Tension between Iraq and Turkey rose a notch Wednesday after a warning by Iraqi Prime Minister Haider al-Abadi that the presence of Turkish troops in the north of the country risked provoking a larger regional confrontation. The growing spat came as military efforts to retake the Iraqi city of Mosul intensified.
The Iraqi government issued a protest to the Turkish ambassador Wednesday, following a late night vote condemning the presence of Turkish troops in the north of Iraq.
The diplomatic dispute comes as Iraq prepares for an impending military operation to retake the country’s second-largest city of Mosul from Islamic State militants.
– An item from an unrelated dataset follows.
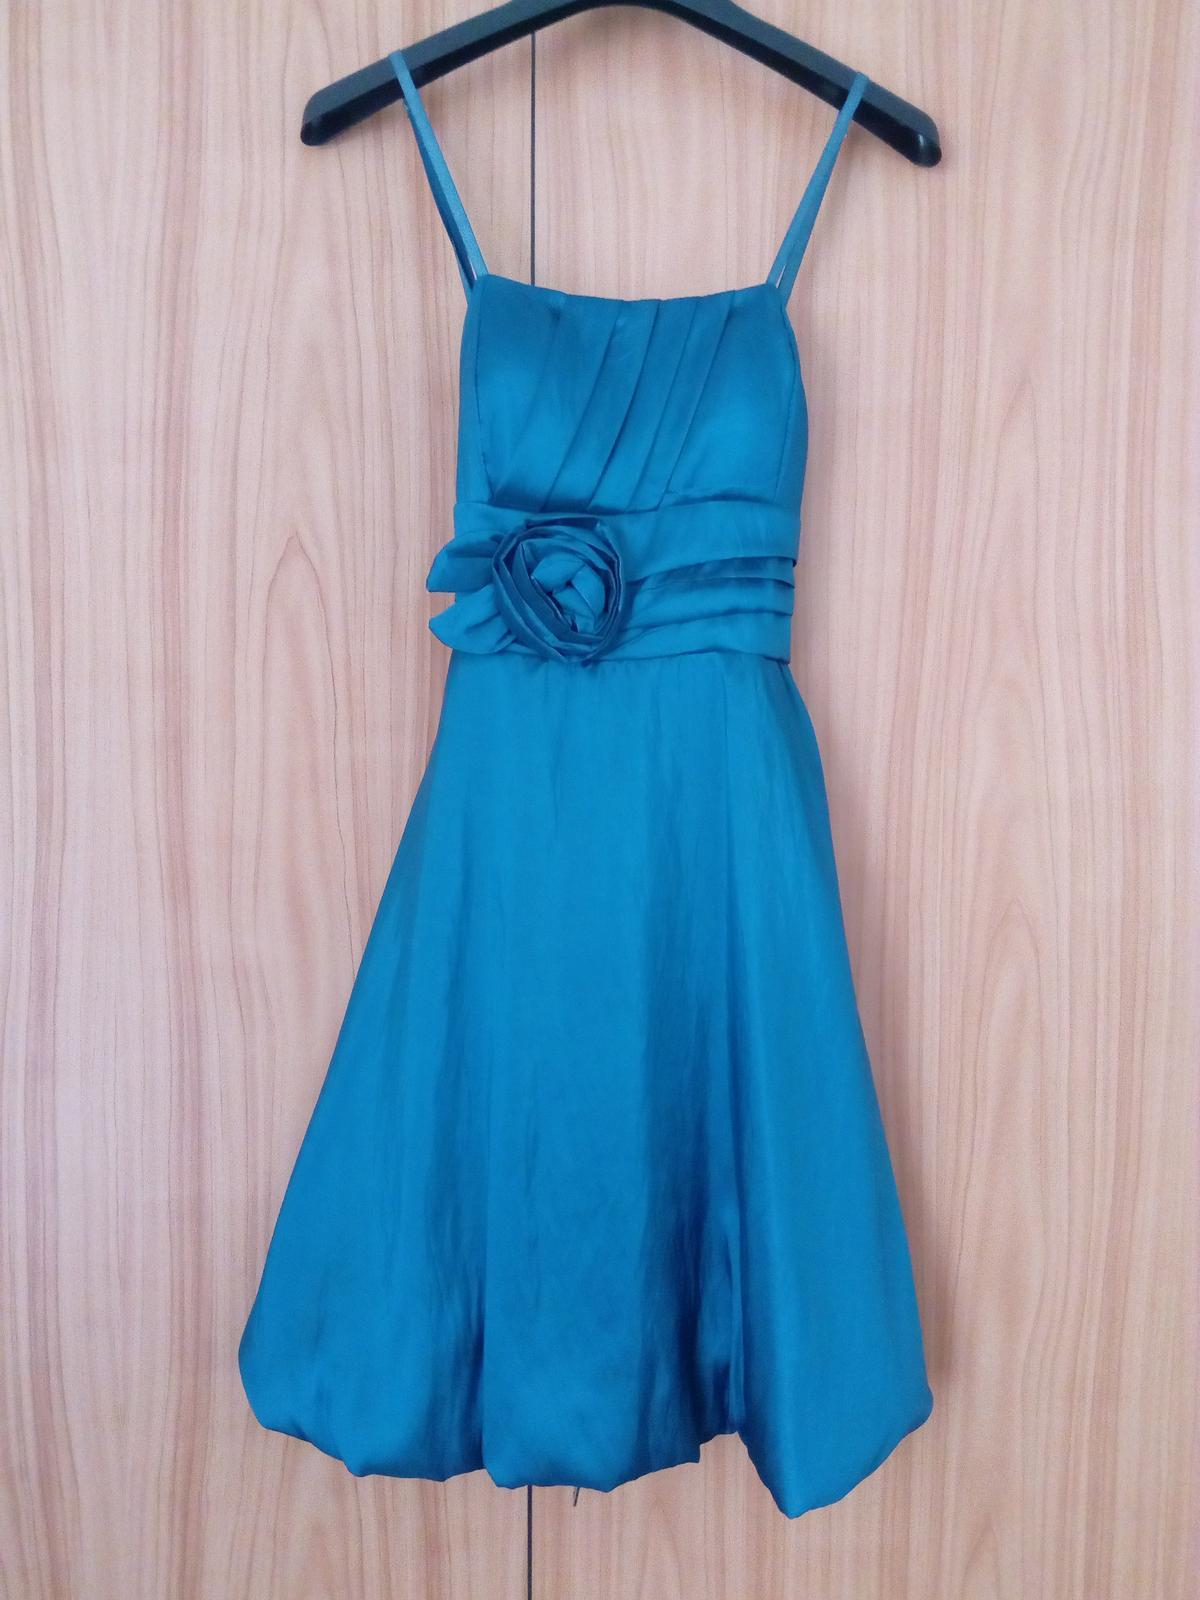 Spoločenské šaty 2ks - Obrázok č. 1

Prime Minister Abadi warned Turkey that it was risking a regional war by keeping troops inside Iraq, insisting that he’s “warned Ankara more than once against intervening."
The Turkish parliament voted last week to extend Turkey's presence in Iraq for another year to “fight terrorist organizations.” Ankara insists that its troops are present in northern Iraq with the accord of the government in Baghdad.
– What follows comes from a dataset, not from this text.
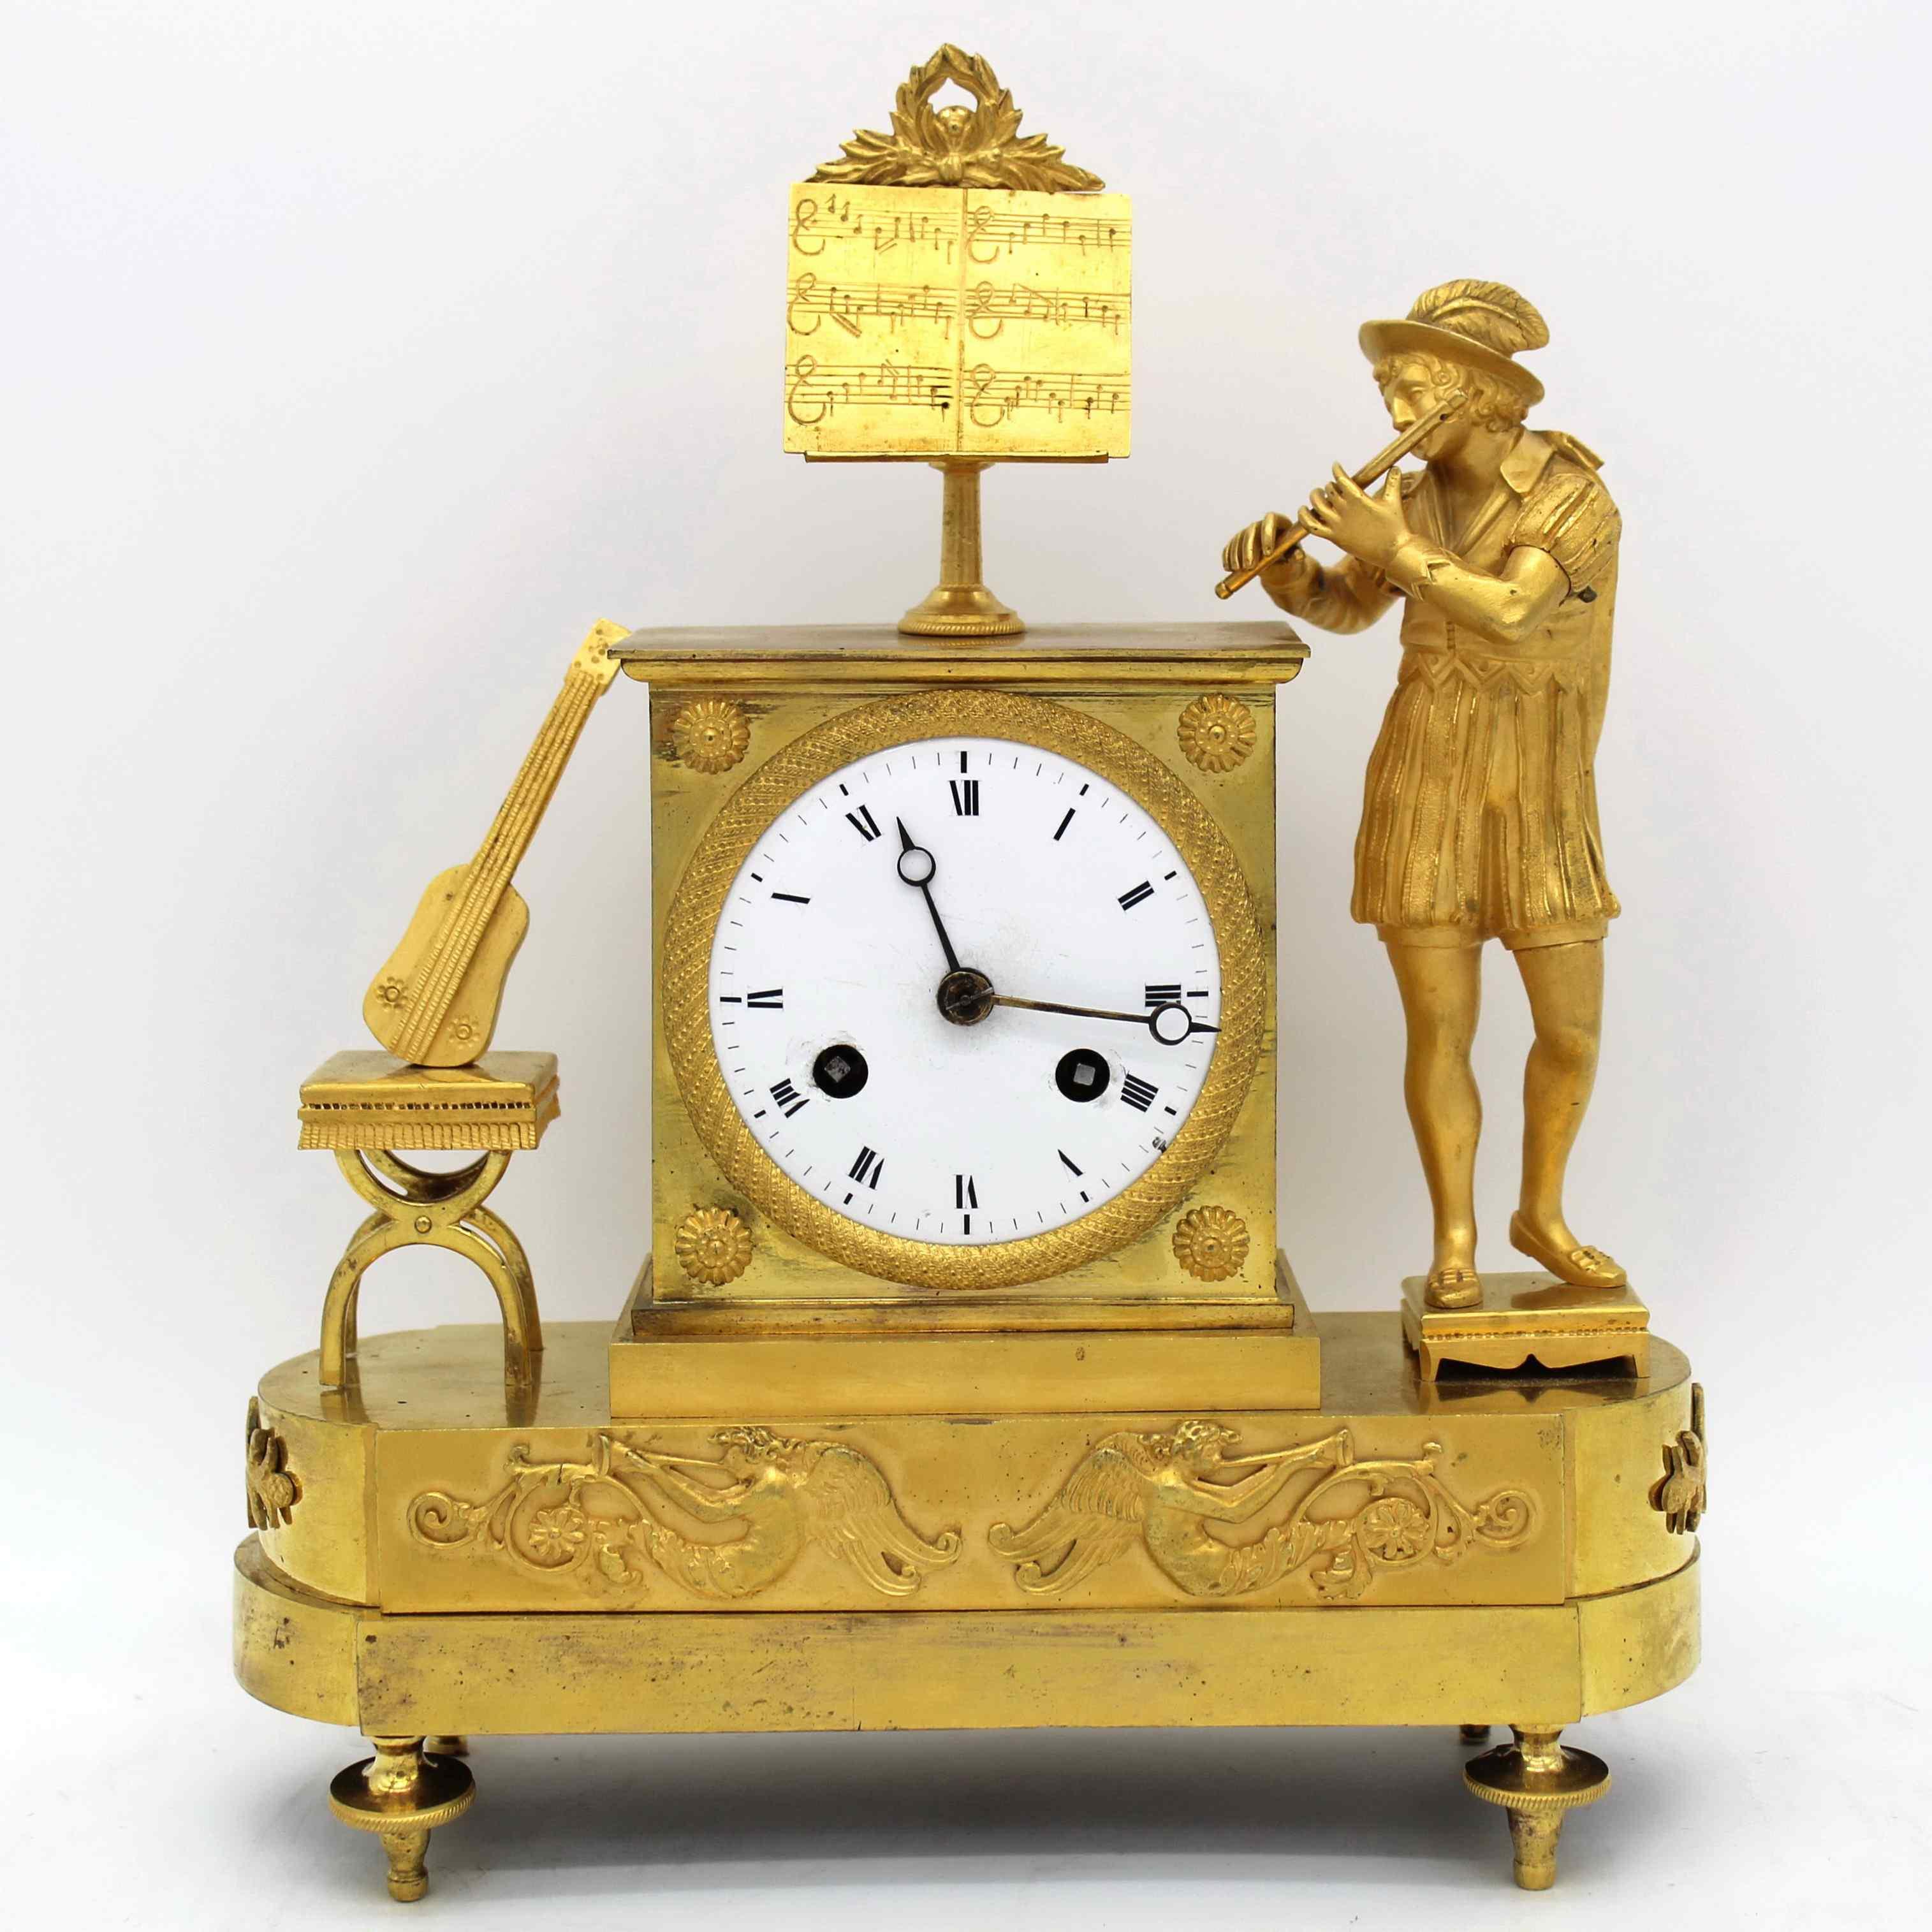 Ancien Horloge Pendule Empire en bronze - 19ème siècle

U.S. military spokesman Lieutenant Colonel John Dorrian told Iraqi state TV that Turkey is “not part of the international coalition” fighting against Islamic State in Iraq.
Abadi’s warning to Turkey came after he told residents of Mosul that military operations to liberate the city were closer than ever, calling on them to cooperate with government forces that are participating in the operation.
Members of a Shi'ite militia undergo training in preparation of plans to recapture Mosul, in Diyala province, Iraq, Sept. 27, 2016. Some say the presence of Shi’ite and Kurdish militiamen in the government force to liberate Mosul could inflame sectarian tensions.
Ezzedin Dowla, who represents Mosul’s Turkmen minority in the Iraqi parliament, warned that the presence of Shi’ite and Kurdish militiamen in the government force to liberate the city could inflame sectarian tensions.
He said that as “zero hour” approaches for the liberation of Mosul, the news in and around the city is worrisome and that a sectarian war of revenge is possible. He warns that the Mosul suburb of Tal Afar, inhabited by the ethnic Turkmen minority, could be turned into rubble by both Shi’ite and Kurdish militias.
Khattar Abou Diab, who teaches political science at the University of Paris, told VOA that the U.S. “will have a delicate balancing act" in preparing for which forces participate in the actual operations to liberate Mosul.
Iraq’s minister of refugees, Jassem Mohammed, told journalists that his ministry was preparing for humanitarian operations surrounding the battle to liberate Mosul.
He said plans to evacuate the city will be made as military operations evolve. He added that his ministry is expecting 750,000 residents to flee the city (of approximately 1.5 million people), with 500,000 going to refugee camps, and 250,000 to nearby abandoned villages.
Jassem said he was expecting the liberation of Mosul to be a “crisis,” but “not a catastrophe.” Former U.S. ambassador to Iraq Zalmay Khalilzad insisted last week in a press interview that military operations could create over a million refugees.
Current U.S. Ambassador Daniel Silliman told journalists Tuesday that the U.S. will spend $180 million to help Iraqi refugees from the ongoing conflict against Islamic State militants.